To arrive at this result, every half hour, they recorded (or scanned) the cerebral activity of volunteers while they performed a ten-minute auditive attention task, during two sessions spaced out over a few weeks. At each of these sessions, during the half hour between the first two scans of the attention task, the volunteer was given something new to learn. A third scan was then performed after a half-hour rest. During one of the two sessions, the learning consisted in the volunteer memorizing a route in a virtual city he or she was exploring on a computer. This spatial navigation task is known to be dependent on the hippocampus, a cerebral structure that plays a vital role in learning, and damage to which results in inability to memorize new facts (known as anterograde amnesia). The other session was devoted to acquisition by repetition (or procedural learning) of new visuomotor sequences. For this task, it is not necessary that the subject be aware of what he or she is learning, and its success depends mainly on the integrity of the striatum and the related motor regions.

Analysis of the results demonstrated that, compared with the first scan, the cerebral activity evoked by the auditive attention task during the second and third scans was systematically modified by the kind of learning experience that took place between the first and second scans, and this happened in the cerebral regions associated with this learning.

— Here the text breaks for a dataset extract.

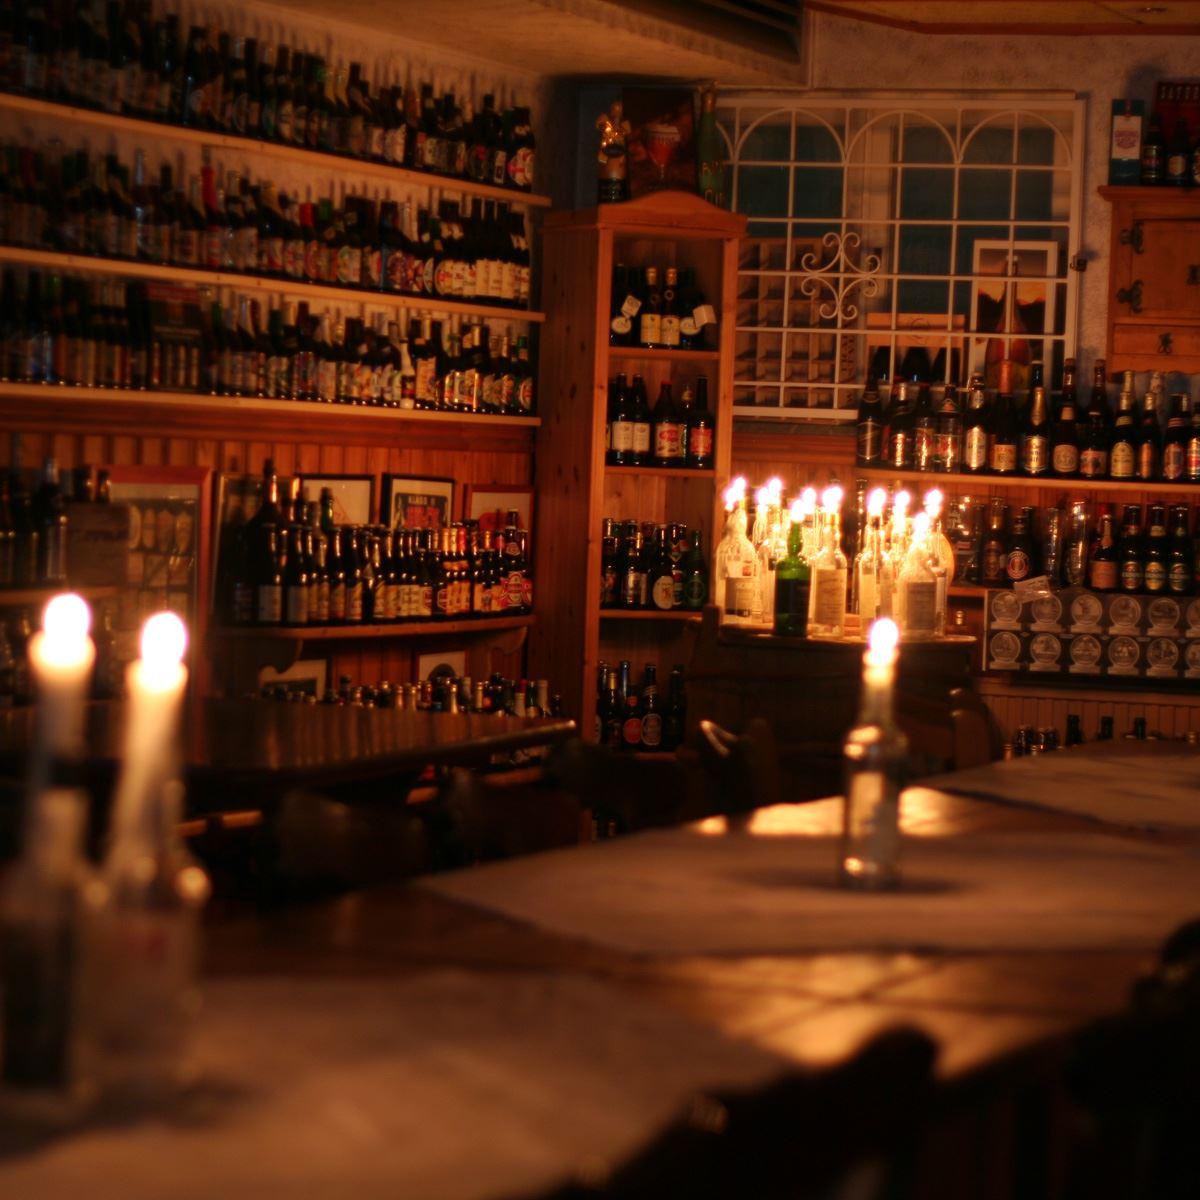 Bredaryd's Inn (Bredaryds wärdshus)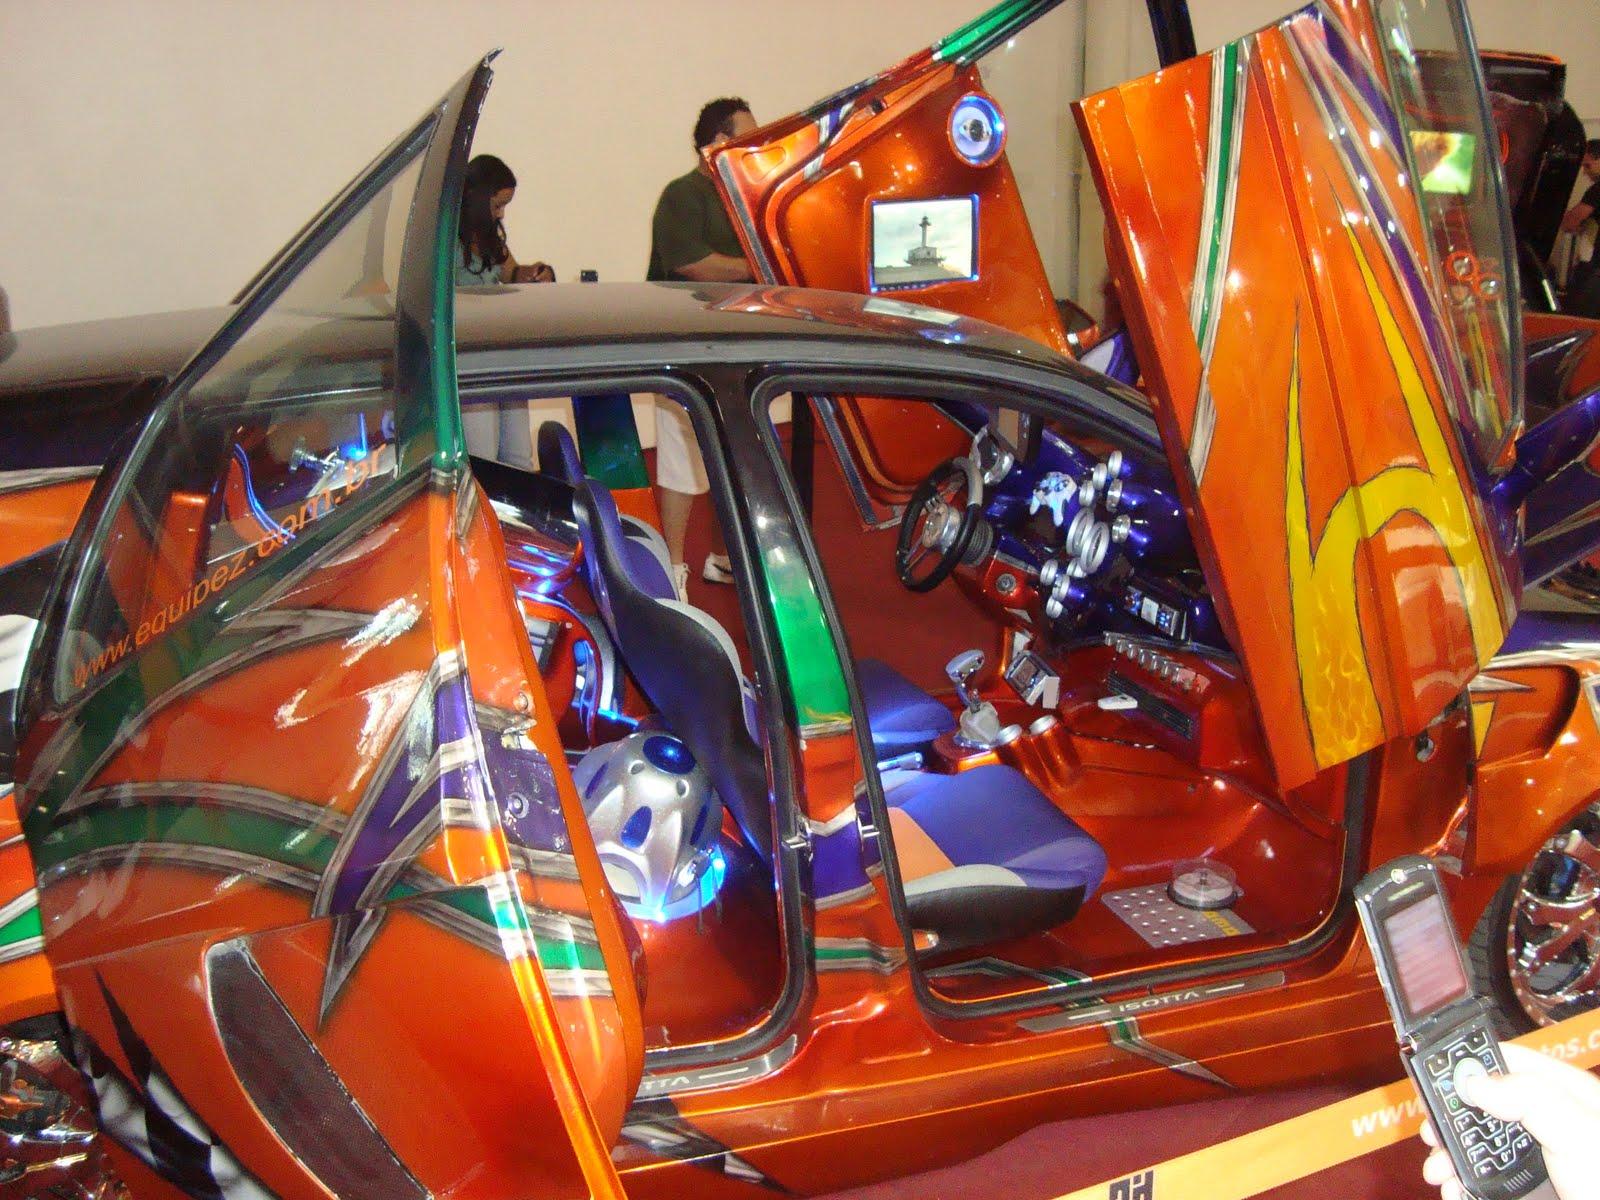 Geladeiras Palavra-cattitude Carro ímã para Para-choques de carro Presentes Geladeira

Moreover, this post-learning cerebral activity evolves differently over time depending on the type of learning, and is related to the performance level achieved by the subjects when they are tested on the quality of their memory at the end of the session. These elements indicate active processing of the newly formed mnestic traces during the post-learning waking, which could occur at the same time as other cognitive tasks.

More generally, this study from the ULg Cyclotron Research Centre demonstrates for the first time that the human brain does not simply put newly acquired information in standby until there is a period of calm or sleep to strengthen them, but rather continues to process them dynamically as soon as the learning episode has ended, even if the brain has to face an uninterrupted series of completely different cognitive activities.